----- SUPPLIED MATERIAL

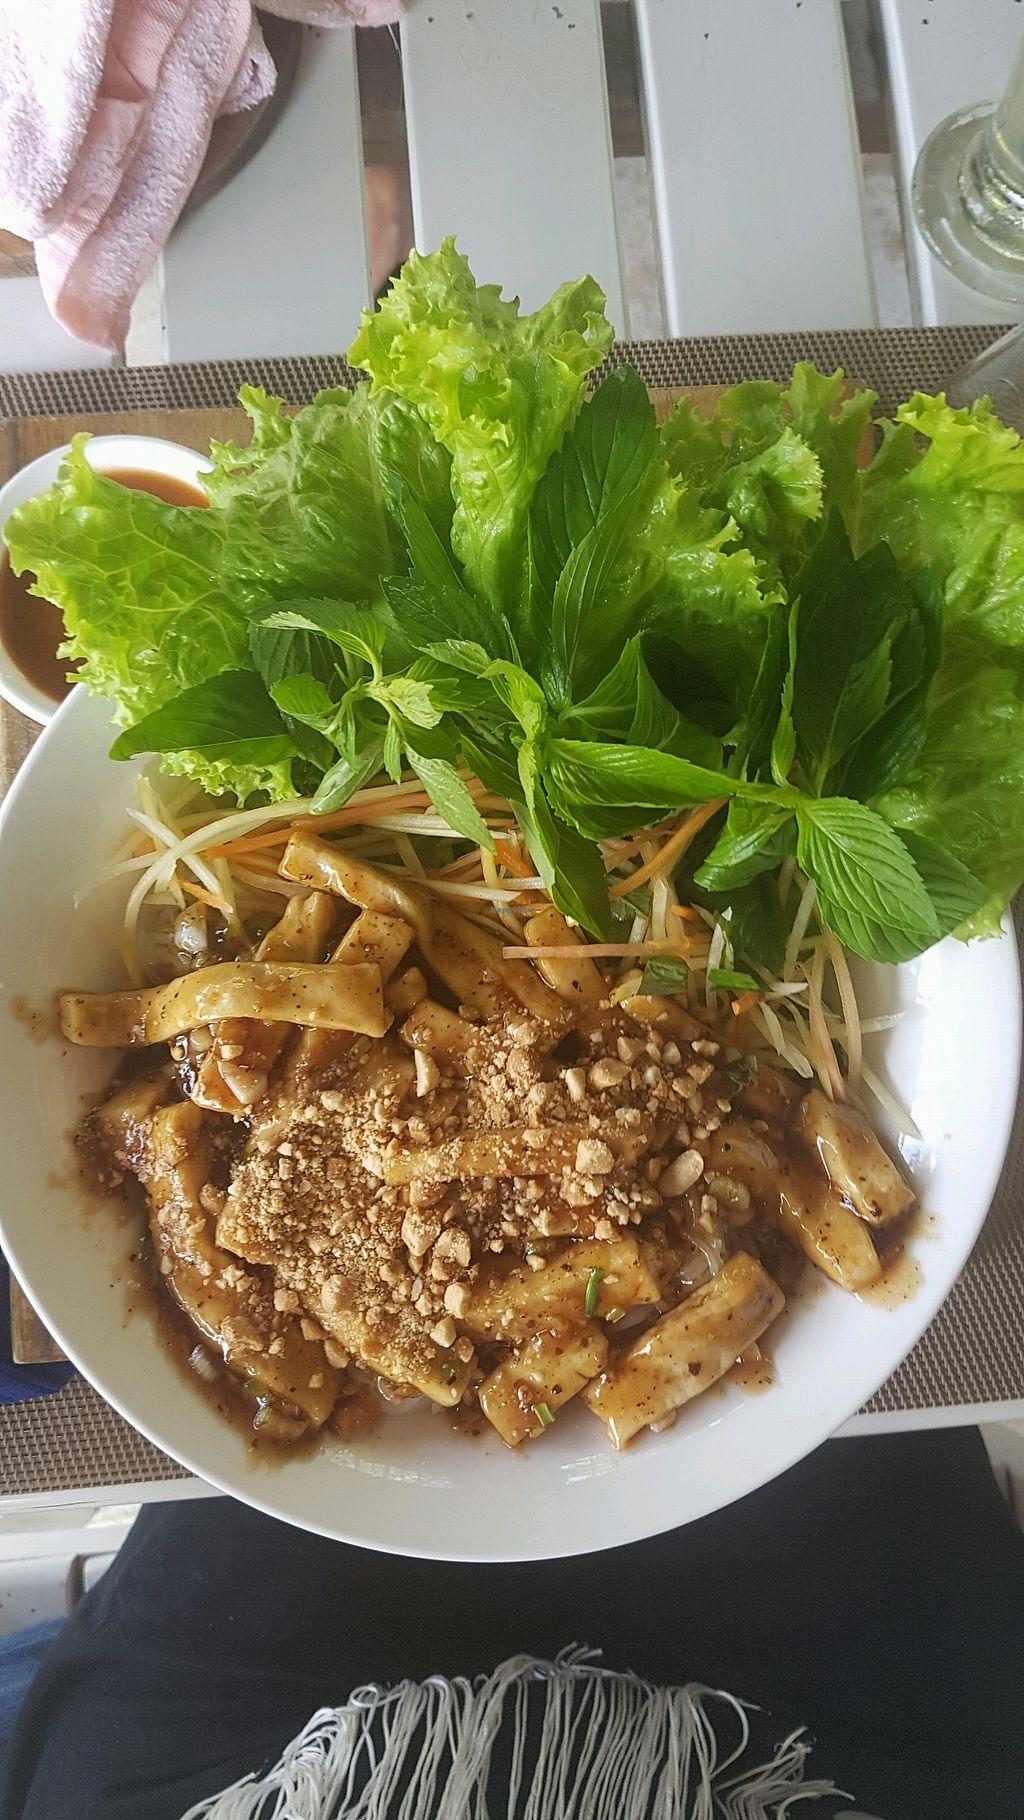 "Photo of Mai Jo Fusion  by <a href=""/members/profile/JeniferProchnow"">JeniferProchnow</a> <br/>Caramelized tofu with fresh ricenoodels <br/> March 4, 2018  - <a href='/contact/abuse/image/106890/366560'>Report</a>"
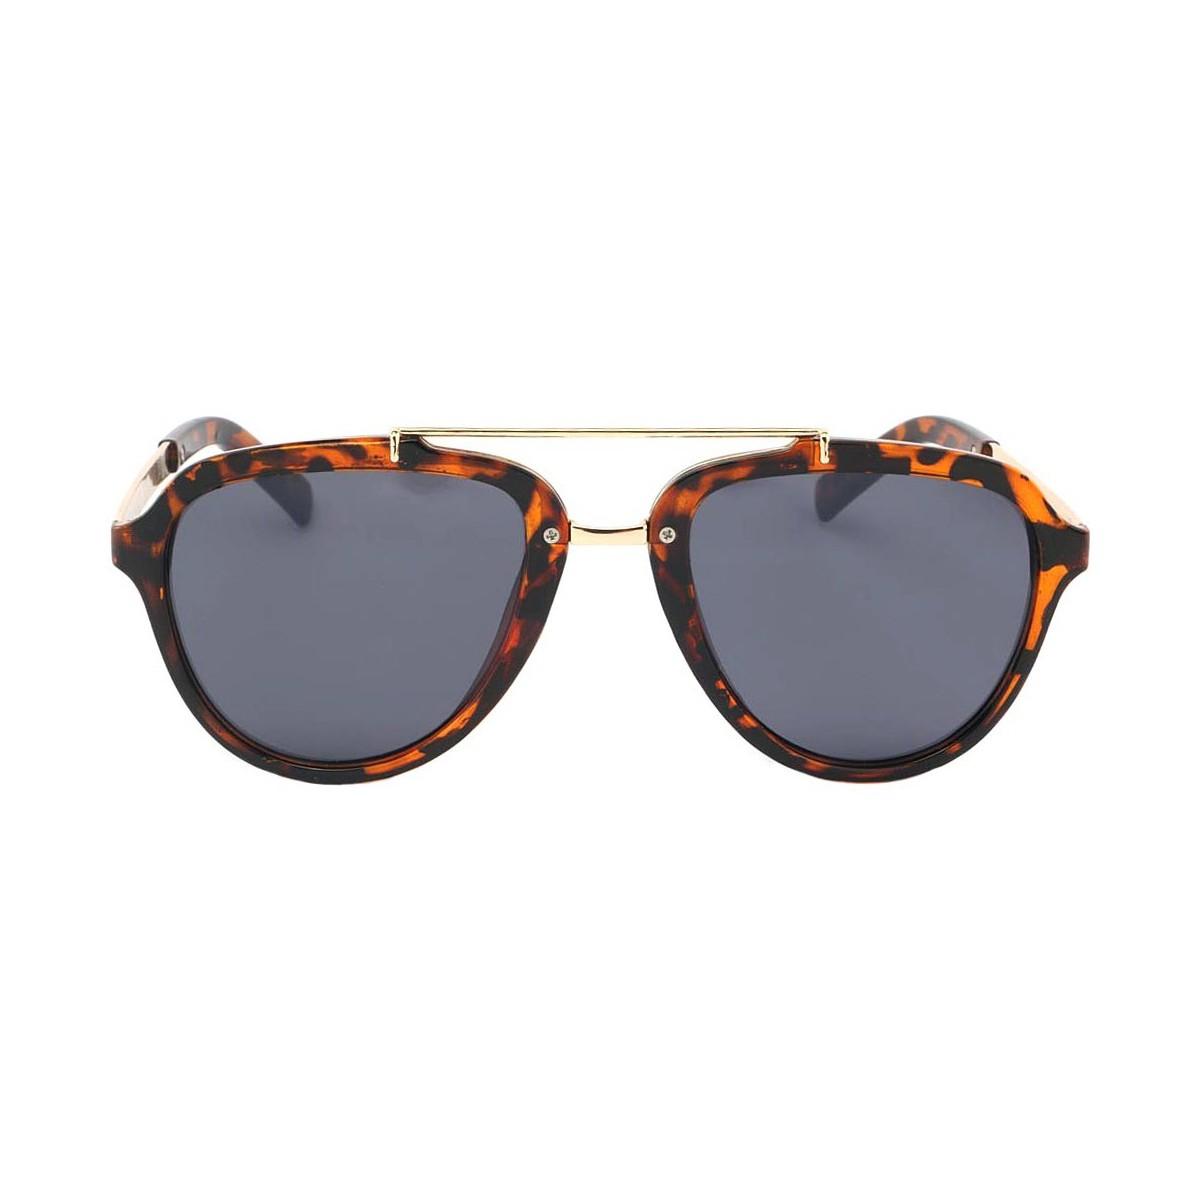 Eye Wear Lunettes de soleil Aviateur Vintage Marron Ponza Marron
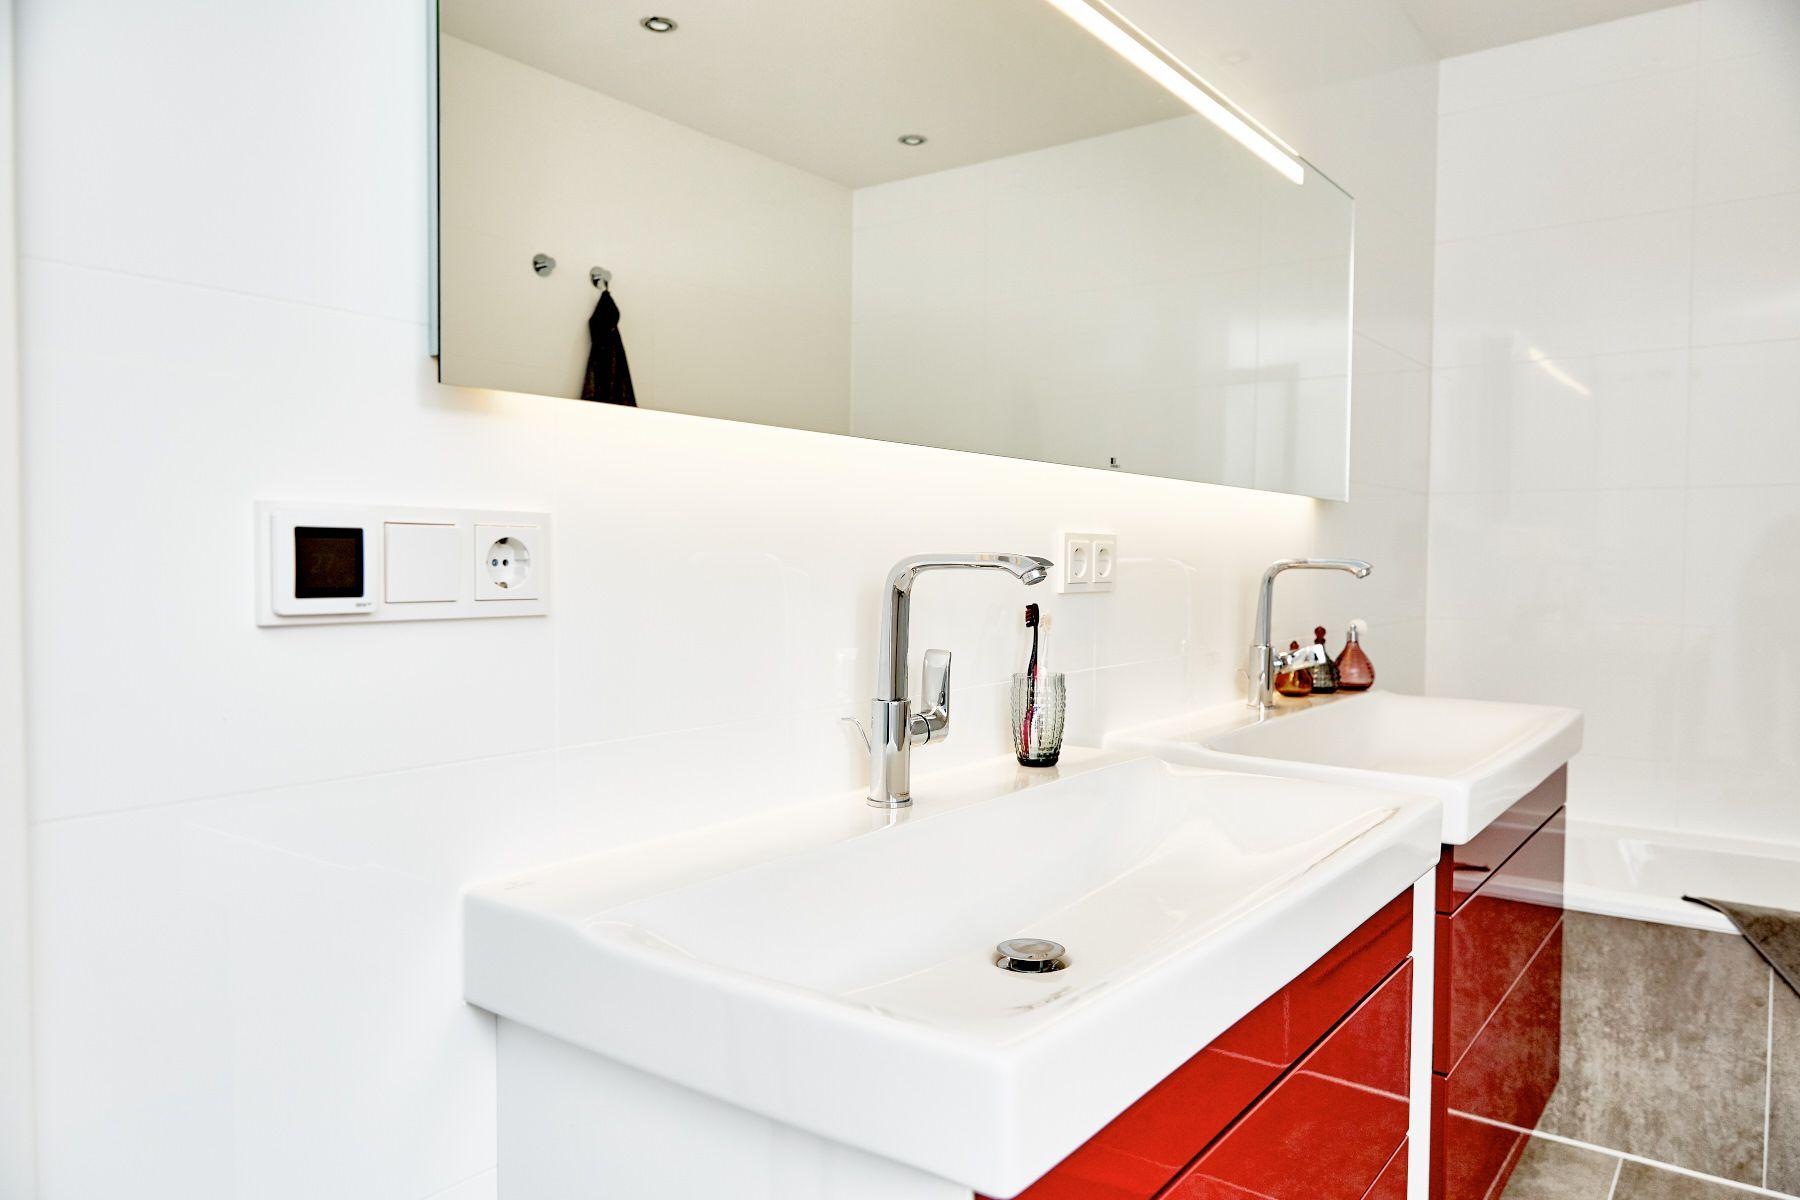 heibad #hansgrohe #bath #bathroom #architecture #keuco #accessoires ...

----------

In the data above, the line containing "Eye Wear Lunettes" and all lines after it are to be reproduced exactly, leaving out the pictures.

 Eye Wear Lunettes de soleil Aviateur Vintage Marron Ponza Marron
 heibad #hansgrohe #bath #bathroom #architecture #keuco #accessoires ...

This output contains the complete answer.